In the past it took San Francisco-based Divvy “upwards of a week” to process an application and get a customer pre-approved for this service, according to co-founder Adena Hefets.

But thanks to advances in its technology, Divvy can now do the same thing in minutes. Hefets told Inman that the company still asks people to submit various financial documents. However, Divvy’s software now sorts through that information, “clustering” and “parsing” transactions into different categories as it makes sense of the customer’s financial profile.

Adena Hefets

The result is that the software can in some cases come up with a target home price for the customer as soon as the 15-minute application process is complete. Hefets said that in more complicated situations — some of which may still require review by human staffers — the process could take longer, though every customer should still get a response from Divvy within 24 hours.

“What we’ve done is create a very dynamic application,” Hefets added.

Customers can go through the application process on either Divvy’s mobile or desktop websites, which will present them with a series of questions about monthly income, savings and their timelines for moving, among other things. Once customers complete the process, Divvy connects them to real estate agents who help them find a specific home.

In a statement, Divvy said that the current homebuying process “wasn’t designed for today’s realities of employment, complex finances and family structure.” As a result, the company argued, “millions” of people are kept out of the real estate market.

Divvy believes that speeding up and simplifying the application process helps address that problem — and should result in an influx of new customers.

“Our goal is to create a homebuying experience that creates access to and simplifies the path toward homeownership,” Brian Ma, Divvy co-founder and chief product officer, said in a statement. “By expediting their application process and getting them a home budget within 15 mins, Divvy allows them to quickly get to the part they love most — finding their dream home.”

Screenshots showing different parts of the application process on a mobile device | Credit: Divvy

Other aspects of Divvy’s service remain unchanged.

Once a customer settles on a property, Divvy asks them to contribute 2 percent of the purchase price, then buys the house. The customer then rents it back, but 25 percent of their monthly payment goes toward building equity in the house. After three years, the occupant should have accumulated 10 percent equity in the home and can use that as a down payment to buy it from Divvy.

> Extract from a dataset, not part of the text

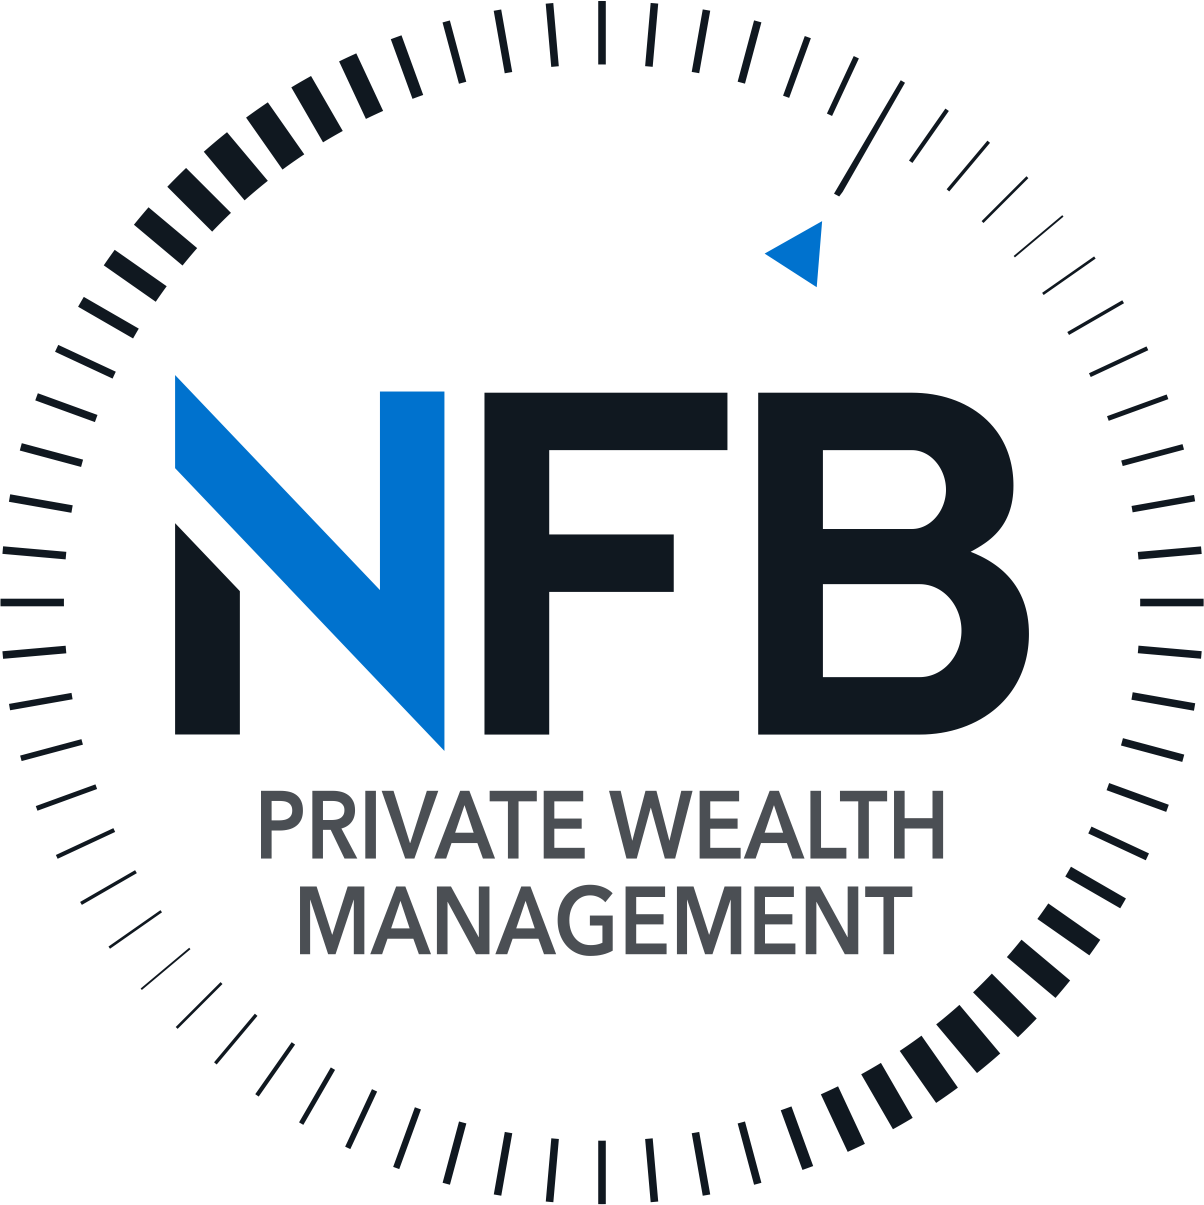 Co-authored by Brendon Wright and Stephen Katzenellenbogen CFP®
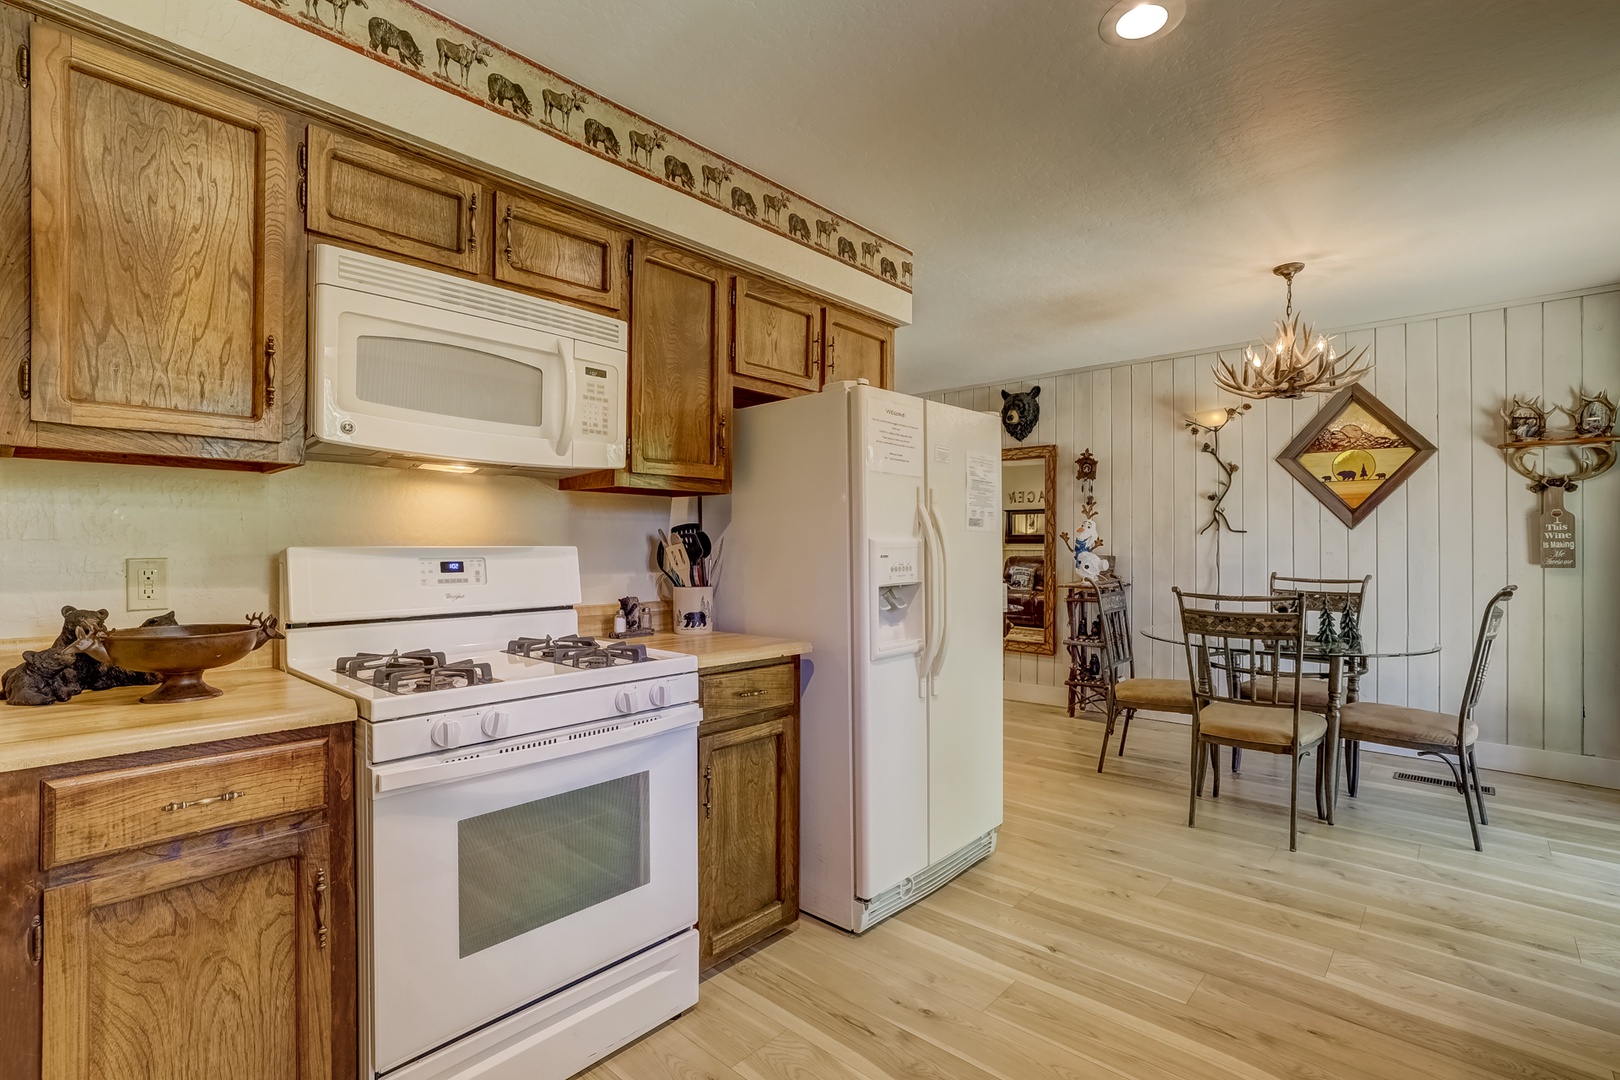 Full kitchen w/ toaster, Keurig coffee, blender, spices, wax paper, and more!

The company doesn’t work with condos, foreclosures and some other properties that have unique circumstances, but would-be homeowners otherwise have significant freedom to choose whatever homes fall within their price ranges.

Divvy first debuted in 2016 and made headlines last year after it raised $30 million in a funding round led by high-profile venture capital firm Andreessen Horowitz. The company aims to upend the rent-to-own world, which in the past has had a reputation for taking advantage of people who couldn’t afford down payments.

In Divvy’s case, the company will buy homes back from occupants who change their minds and don’t ultimately want to go through with a purchase.

A Divvy spokesperson also told Inman the company receives 11,000 applications per month.

Divvy currently operates in the Cleveland, Atlanta and Memphis metro areas. Hefets said the company currently owns “several hundred homes” that are rented to occupants who later plan on purchasing the properties. The company does plan to expand, but in the short term is “squarely focused” on its existing markets as it works to build up a portfolio of “several thousand” homes, Hefets also said.

Ultimately, Divvy wants to help put 100,000 families in their first homes. According to Hefets, the company measures its success both by how many renters it signs up and how many of them buy homes back from Divvy.

“The way we’re approaching it is extremely dynamic and very flexible,” she added. “We’re really proud of what we’ve built.”